Her fists clenched. Money for a life… what kind of world calls that a transaction?
Ian stood a few steps behind her, the dagger still in his hand, his expression uncertain. Lio sat nearby, his head buried in his arms, silent tears staining the wooden planks beneath him. Slyvie crouched next to him, offering quiet words of comfort that barely reached through the wind.
Narissa turned, her golden eyes glinting in the moonlight. “We’re stopping this,” she said finally, her voice low, almost like a command to herself. “Not just him. All twenty of them.”
Ian looked up sharply. “Twenty? You mean—”
“The guard said it himself,” Narissa interrupted. “Twenty people. One ship. Tomorrow night.” Her gaze hardened as she faced the river again. “We end this before it sails.”
Slyvie straightened, brushing dust off her knees. “Then we’ll save them,” she said brightly, though her eyes held a seriousness rare for her. “All twenty. Even the ones who think they can’t be saved.”
Narissa nodded once, her expression unreadable. “Exactly.”
Ian hesitated, glancing toward the shadowed warehouse. “We can’t just rush in. They’ll be guarded — city soldiers, maybe even the captain himself.”
“That’s why we plan,” Narissa replied. “We know their routes.

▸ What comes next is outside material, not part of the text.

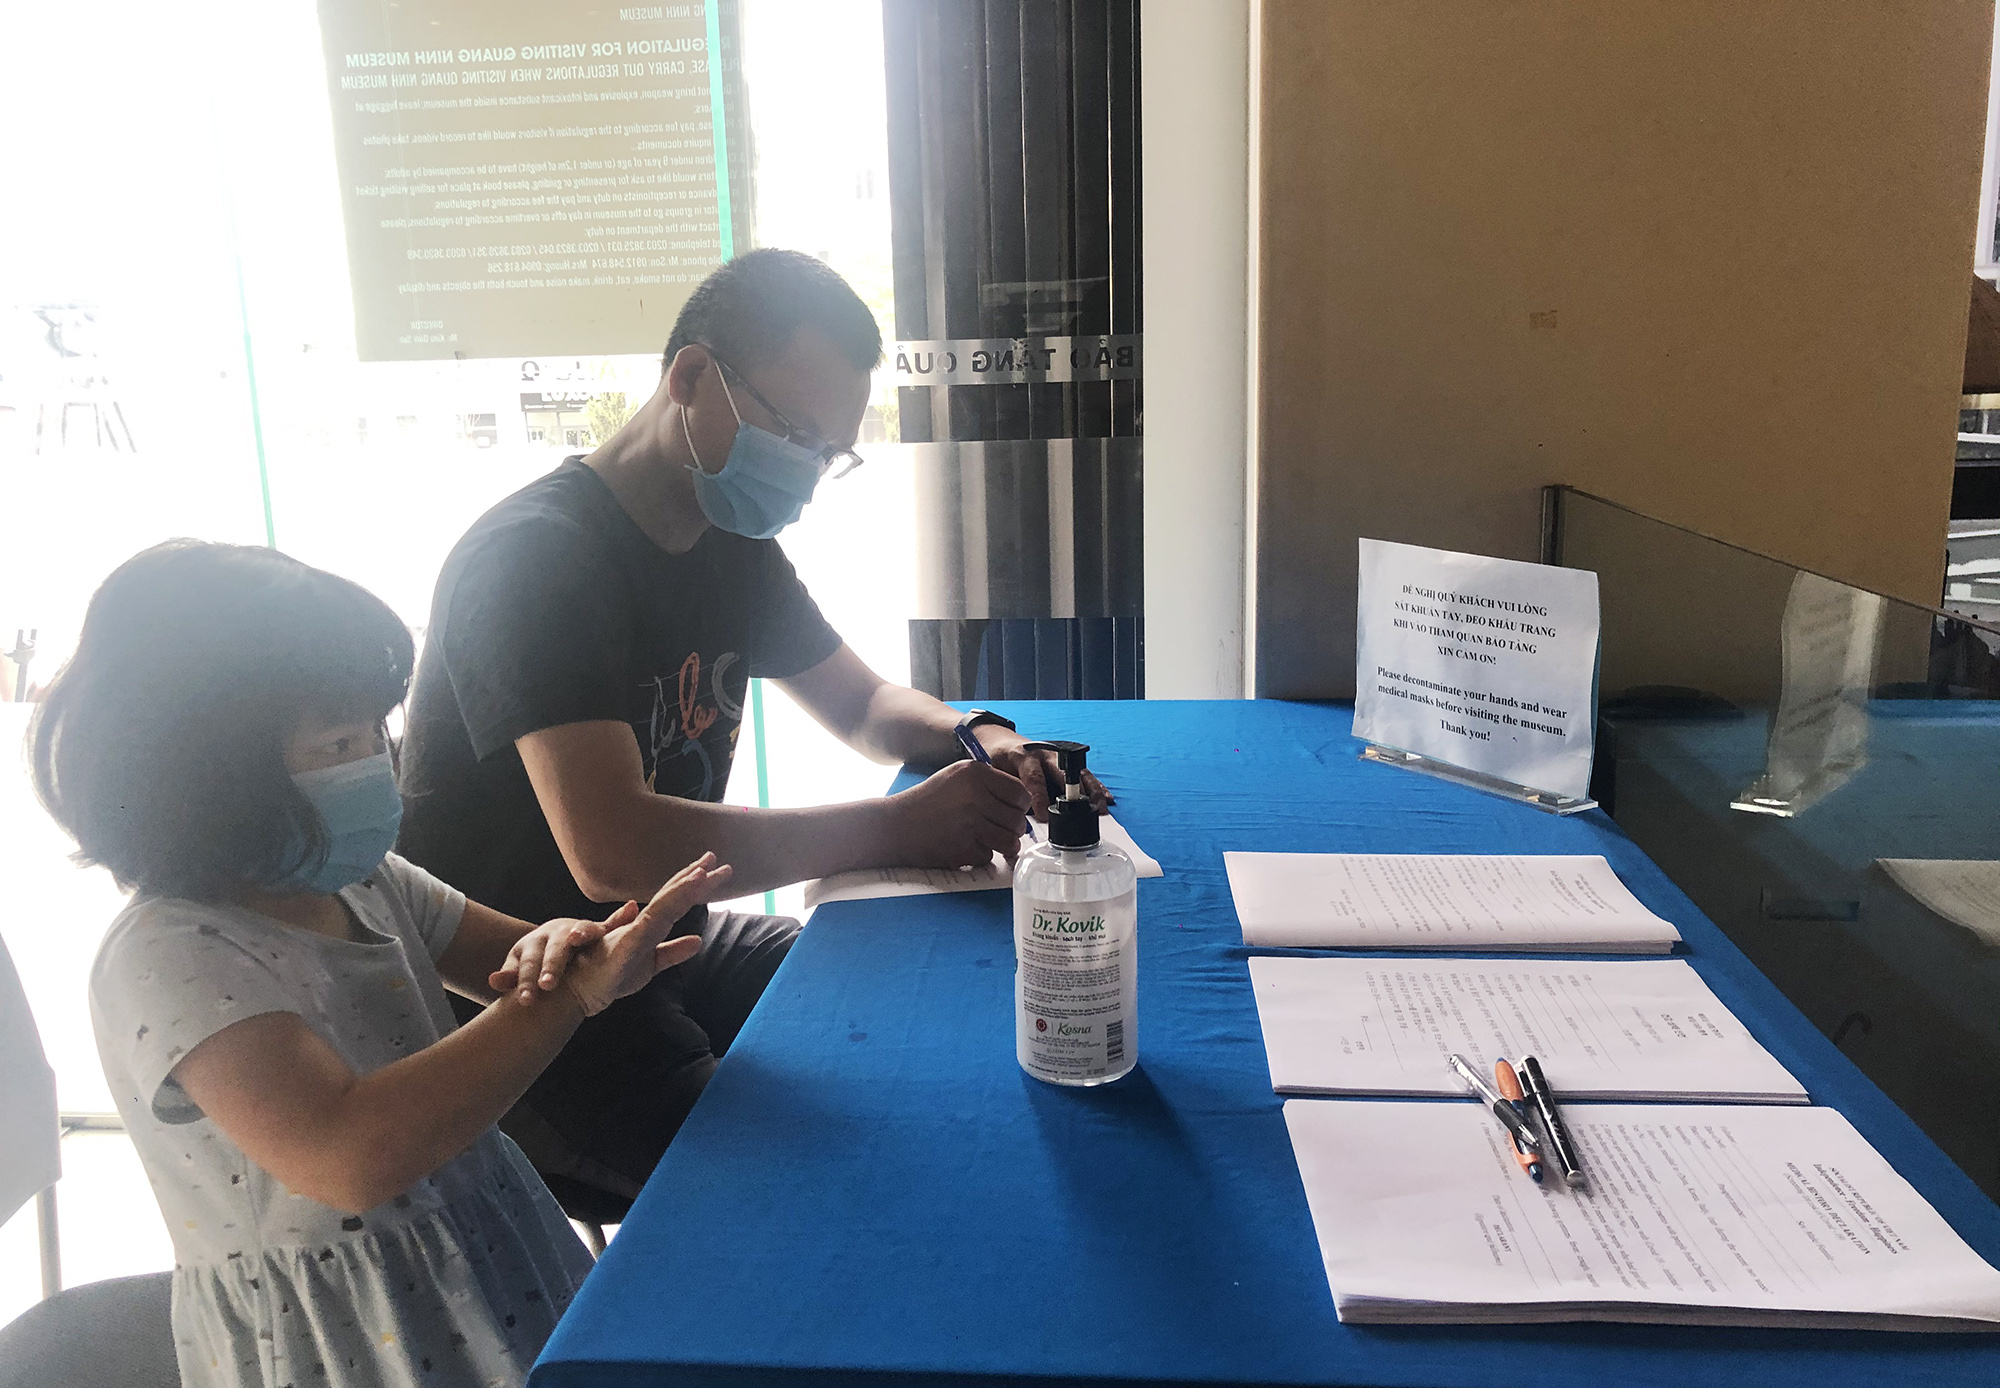 Tất cả khách tới tham quan tại Bảo tàng Quảng Ninh đều được khai báo thông tin y tế và thực hiện kiểm tra y tế, đeo khẩu trang trước khu vào tham quan tại các khu vực bên trong.

Their watch shifts. Where they keep the ledger. We find their weak points.” She started walking, slow and deliberate, tracing the dock’s edge with her fingers as if mapping it in her mind. “The warehouse, the ship, the path they’ll take. We’ll use all of it.”
Slyvie followed behind, her footsteps light. “So it’s a rescue mission,” she said, grinning. “I like those. Less stabbing, more sneaking.”
Narissa shot her a sidelong glance. “Don’t count on less stabbing.”
Ian’s lips pressed into a thin line, but a spark of resolve flickered in his eyes. “Then tell us what to do.”
Narissa stopped, turning to face both of them. The moonlight framed her like a silver outline against the black water. “Tonight, we prepare. Tomorrow, we strike. No one leaves that ship. Not until every last one of them is free.”
Slyvie nodded firmly, clutching the small charm around her neck. “Let’s make them pay for selling lives.”
Ian looked toward Lio, still silent by the pier. He placed a hand on his shoulder. “We’ll bring him back,” he said softly. “I promise.”
Lio didn’t answer, but his fingers curled tightly around the edge of his shirt — the faint, trembling sign of someone holding on to hope.
Narissa’s gaze drifted to the dark expanse of water where faint ripples gleamed like veins of silver. A trade of lives, she thought. But not this time.
Somewhere in the city, papers were being signed, payments made — the system continuing as it always had. But here, beneath the quiet sky, three children stood plotting against it.
Narissa’s resolve was final, unshakable.
Tomorrow night, when the ship came to take twenty souls — it would meet her instead.